Physical Address
304 North Cardinal St.
Dorchester Center, MA 02124
Six months ago, Mercur was flying high After raising a massive $350 million Series C Which values the AI data training startup at $10 billion. But after confession On March 31, it was the target of a data breachthe company was facing a world of problems.
Since then, a group of hackers has claimed to have had 4 terabytes of data stolen from Mercor’s systems, including candidate profiles, personally identifiable information, employer data, source code, and API keys. Mercur did not comment on the authenticity of the data, confirming only that it is investigating the matter and “will continue to communicate with our customers and contractors directly as appropriate and allocate the necessary resources to resolve the problem as soon as possible.”

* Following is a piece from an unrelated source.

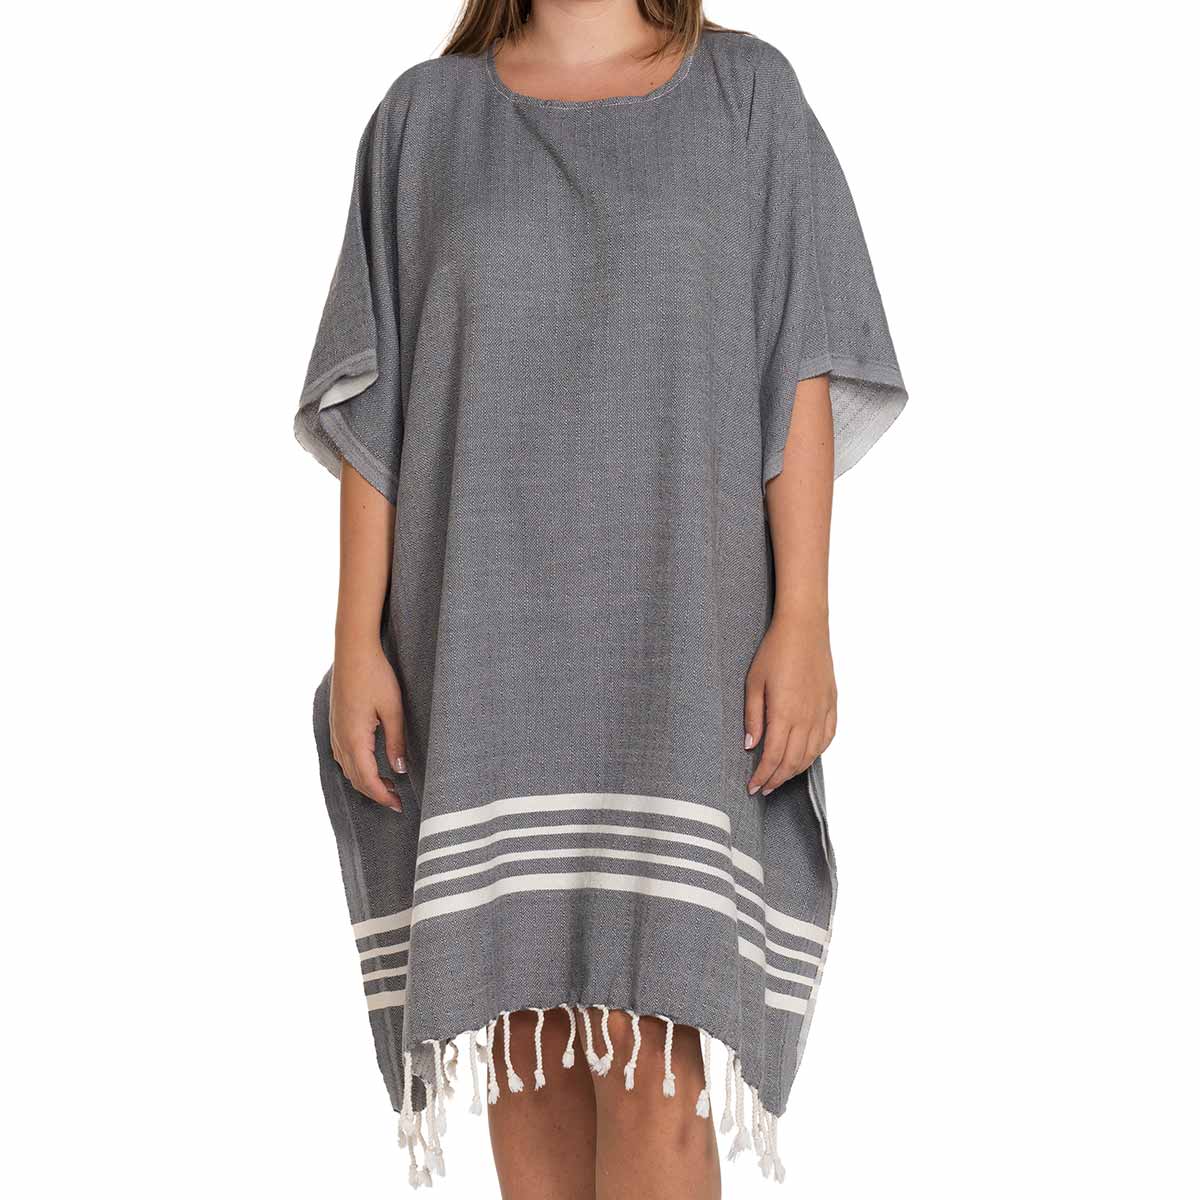 Cotton Beach Cover Up - Turkish Towels for Beach and Bath | Buldano.com

Mercur said its data breach was… Result of hacking of the open source tool LiteLLM. This tool is so popular that it is downloaded millions of times daily. For 40 minutes, the tool contained credential harvesting malware, which is rogue software that can steal login credentials. These credentials were used to access more programs and accounts, which I used to harvest more credentials, and so on.
While there has been no official acknowledgment of the amount of data collected by Merkur, there have been repercussions nonetheless. Meta has paused its contracts with Mercor indefinitely. Wired sources said. (Merkur declined to comment to TechCrunch on this matter.)
Like other contract AI data training companies, Mercor handles some of model makers’ biggest trade secrets: custom datasets and the processes they use to teach their models. This is very important to them even after he died $14.3 billion on Merkur competitor Scale AII continued to work with Mercur.
In some good news for Mercor (maybe…we’ll see): OpenAI also confirmed to Wired that it was investigating Mercor’s breach, but said it was not pausing or terminating its contracts at the time. However, TechCrunch has heard from multiple sources that other large model makers may also be considering their relationships with Mercor following the hack, though we haven’t confirmed enough details to name names yet.
Meanwhile, five Mercur contractors filed lawsuits, Business Insider Reportsdue to the alleged exposure of their personal data. It remains to be seen whether these lawsuits represent a serious threat or are merely opportunistic and annoying. (Mercur declined to comment.)
TechCrunch event
San Francisco, California
|
October 13-15, 2026
One lawsuit, reviewed by TechCrunch, even named LiteLLM and Delv as defendants. This is wild, and perhaps a stretch, but here’s the connection: LiteLLM used AI compliance startup Delve to obtain its security certifications. Wading He was accused By an anonymous whistleblower for allegedly falsifying data to obtain security certificates and using rubber-checkers.
A security certificate does not directly prevent hackers from launching successful attacks, but its purpose is to ensure that companies have processes in place to mitigate such threats.
Although Delve has denied the allegations while simultaneously making operational changes, it was a world of hurt in itself. To the point where Y Combinator cut ties With the company.
LiteLLM I gave up on Delphi It is now working with another AI startup to get its security certifications again. LiteLLM is also published Full report On the security incident.
But Mercor itself was not a Delve customer, the company confirmed to TechCrunch. However, if the fallout continues for Mercur, a lot of revenue could be at stake. The company was reportedly on track to achieve annual revenues of more than $1 billion earlier this year before the data leak An anonymous source of information said.